Os espaços frígidos e amorfos de THX 1138 são para um Outro do Outro- pré ou pós-humano, em todo caso alguém a quem é impossível uma experiência e uma reflexão sobre a mesma. Apenas quando parecem suspender-se as coordenadas deste espaço reificado, é que nos aparece a quintessência de uma espacialidade primeva, a que podemos chamar de nossa (não quero incorrer no partis pris idealista de um espaço originário, mas o espaço de que trato aqui pode ser considerado assim desde que devidamente situado, ou seja: na medida em que se trata de um espaço conformado e destinado à consciência humana, existencialmente presente).
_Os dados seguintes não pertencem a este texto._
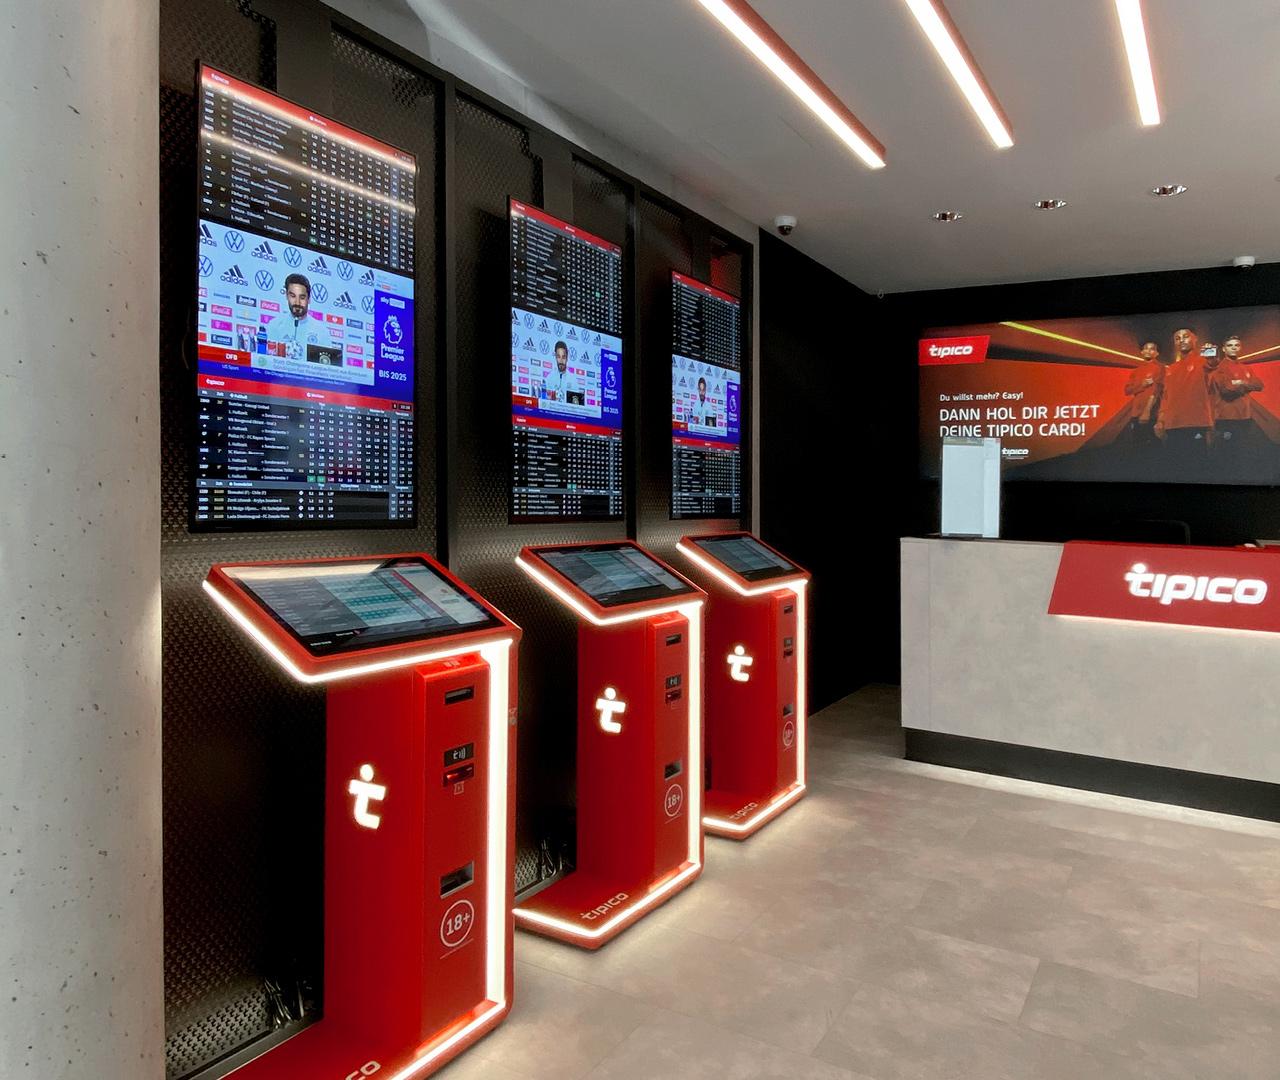 Tipico Shopkonzept 2.0: Wett-Terminal und Tresen

Se o filme parece girar sobre o vazio, é para fazer percutir com um beat obsessivo o seu eixo secreto, que se deixa apreender nestas curtas e fulgurantes “escapadas” do Mesmo nos braços do Outro- templo ou leito nupcial, cochicho e prece; THX 1138 se esmera em fugir a seus contendores numa perseguição espetacular, mas a linha mestra do espetáculo (ou o leitmotif do filme) não é uma récita convulsiva, e sim este balé extático do último plano, onde o sujeito liberto delineia a coreografia do espaço reconquistado e do corpo próprio, manifesto figurativamente: uma silhueta ao crepúsculo, na distância generalíssima de um plano redoma; a duração conhece uma trégua, o espaço um enlevo, o filme a agonística presciência do Fim iminente (pensemos nos moribundos, nos místicos, nas crianças e nos cães; enfim, em todos aqueles que habitam o limiar); e ao espectador resta retroceder e atar as duas pontas da percepção associativa, recordando-se da “ascentio mística” das crianças na escada rolante: um mesmo sursis do mundo, uma mesma e Outra reconquista de si mesmos.